A Study on Artificial Intelligence IQ and Standard Intelligent Model

Currently, potential threats of artificial intelligence (AI) to human have triggered a large controversy in society, behind which, the nature of the issue is whether the artificial intelligence (AI) system can be evaluated quantitatively. This article analyzes and evaluates the challenges that the AI development level is facing, and proposes that the evaluation methods for the human intelligence test and the AI system are not uniform; and the key reason for which is that none of the models can uniformly describe the AI system and the beings like human. Aiming at this problem, a standard intelligent system model is established in this study to describe the AI system and the beings like human uniformly. Based on the model, the article makes an abstract mathematical description, and builds the standard intelligent machine mathematical model; expands the Von Neumann architecture and proposes the Liufeng - Shiyong architecture; gives the definition of the artificial intelligence IQ, and establishes the artificial intelligence scale and the evaluation method; conduct the test on 50 search engines and three human subjects at different ages across the world, and finally obtains the ranking of the absolute IQ and deviation IQ ranking for artificial intelligence IQ 2014.

💡 Research Summary

The paper tackles the contentious issue of whether artificial intelligence (AI) poses a threat to humanity by asking a more fundamental question: can AI systems be evaluated quantitatively in the same way as human intelligence? The authors argue that existing human IQ tests and AI performance benchmarks are based on different premises and therefore cannot be directly compared. To bridge this gap, they propose a “Standard Intelligent System” (SIS) model that abstracts any intelligent entity—human or machine—into five core functions: Input, Process, Output, Learning, and Memory. Mathematically, an SIS is represented as a 5‑tuple ⟨I, P, O, L, M⟩ where I denotes the set of external stimuli, P the transformation function (e.g., a neural network or logical circuit), O the observable actions or language, L the learning mechanism that updates internal parameters, and M the storage of short‑term and long‑term knowledge. By mapping both humans and AI to this common structure, the authors claim that a unified quantitative assessment becomes possible.

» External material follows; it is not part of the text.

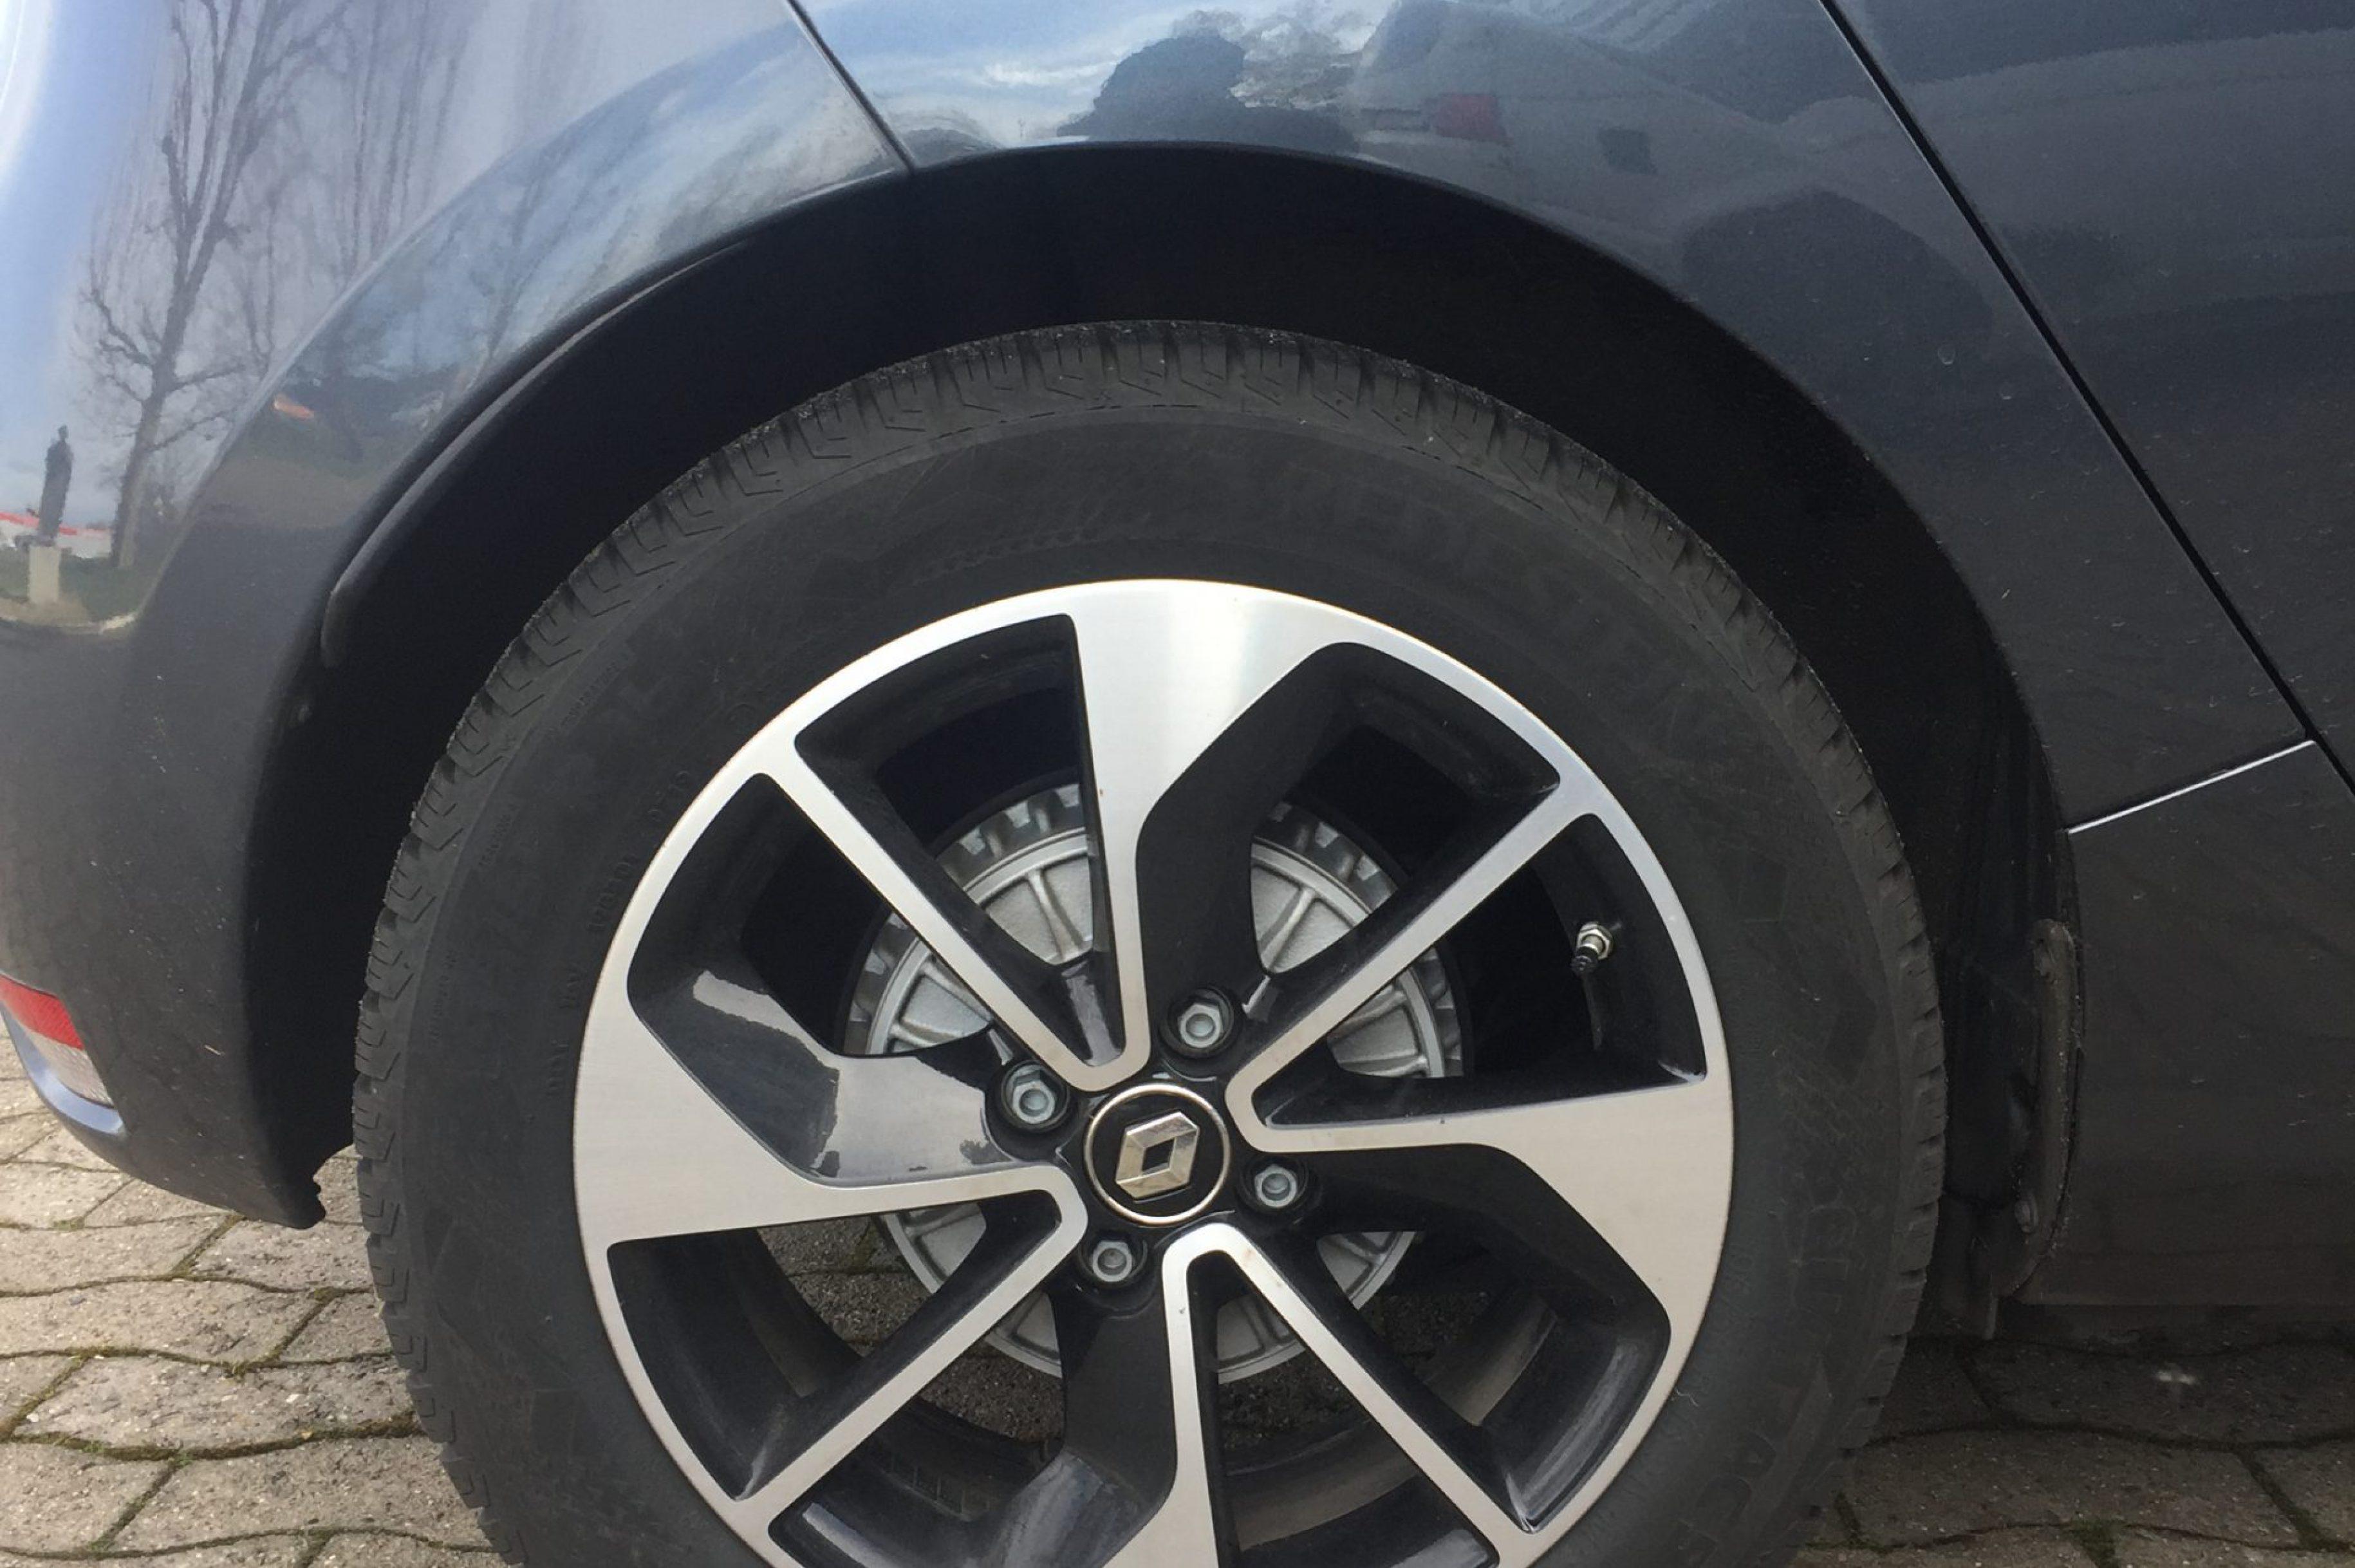 Reifenwechsel: Jetzt schon?

Building on the SIS abstraction, the paper introduces an extended computer architecture called the “Liufeng‑Shiyong” architecture. This design retains the classic separation of computation and storage found in the Von Neumann model but adds dedicated layers for learning and memory. The learning layer simultaneously updates model parameters (weights) and an external memory store, thereby mimicking both the plasticity of human synaptic weights and the capacity of external knowledge bases. The architecture also supports multimodal I/O (text, image, speech) to accommodate a wide range of intelligent tasks.

With the SIS in place, the authors define an “Artificial Intelligence IQ” (AI‑IQ). Each of the five SIS components is assigned a weight reflecting its perceived importance; the weighted sum yields an absolute IQ score normalized to a 100‑point scale. A relative or “deviation IQ” is then calculated by comparing an AI’s absolute score to the mean and standard deviation of a human reference group, providing a z‑score‑like measure.

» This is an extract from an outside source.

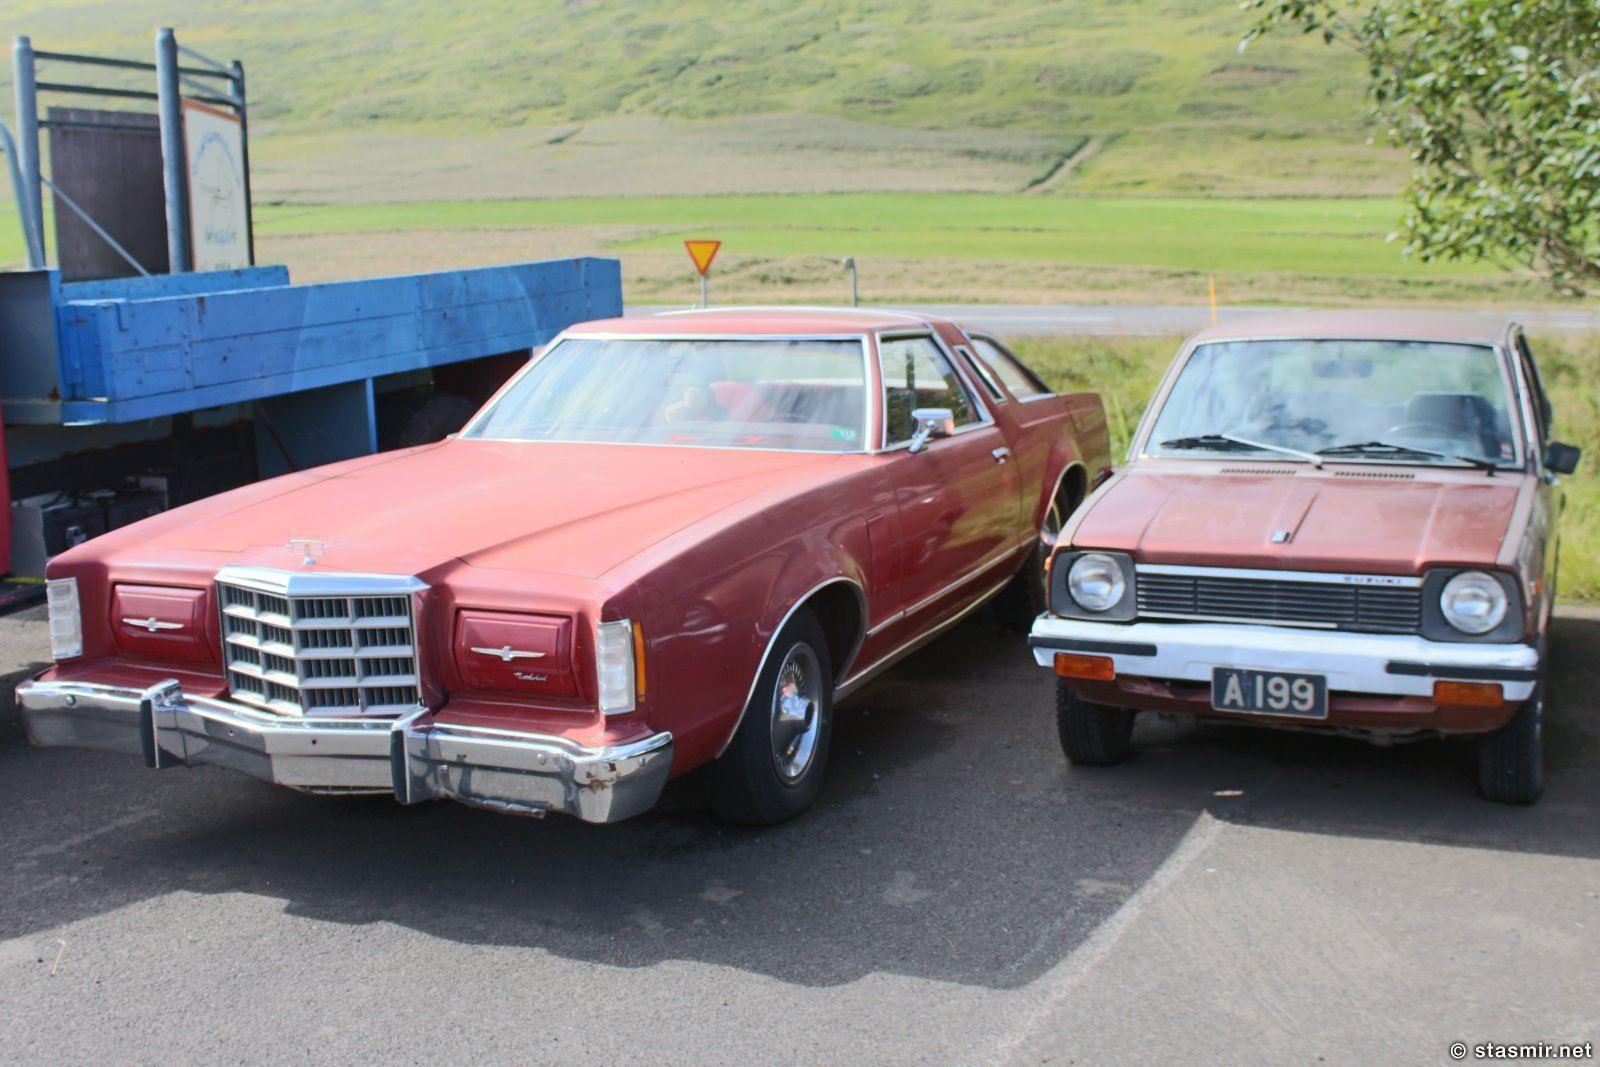 Линкольн и Хонда в музее Ystafell Transportation Museum рядом с Акюрейри, фото Стасмир, photo Stasmir

To validate the framework, the study conducts an empirical test involving 50 commercial search engines (including Google, Baidu, Yahoo, etc.) and three human participants aged 10, 30, and 60 years. All subjects are presented with a battery of 100 tasks divided into four categories: pure information retrieval, logical reasoning, creative problem solving, and learning‑after‑feedback. For each task, the authors record response time, accuracy, a creativity rating assigned by domain experts, and performance improvement after a brief learning phase.

Results show that search engines dominate the information‑retrieval category, achieving an average accuracy of 92 %, whereas humans outperform AI in logical reasoning (78 % vs. 65 %) and creative problem solving (85 % vs. 58 %). After a learning phase, Google’s performance improves by 12 %, while the 30‑year‑old human shows a 25 % gain, indicating superior adaptability. The highest absolute AI‑IQ is recorded for Google (98 points), followed closely by Baidu (95 points). Human absolute IQ scores are 108 (10‑year‑old), 112 (30‑year‑old), and 101 (60‑year‑old). In deviation IQ terms, humans sit above the mean, while AI systems fall roughly –0.4 σ below the human average.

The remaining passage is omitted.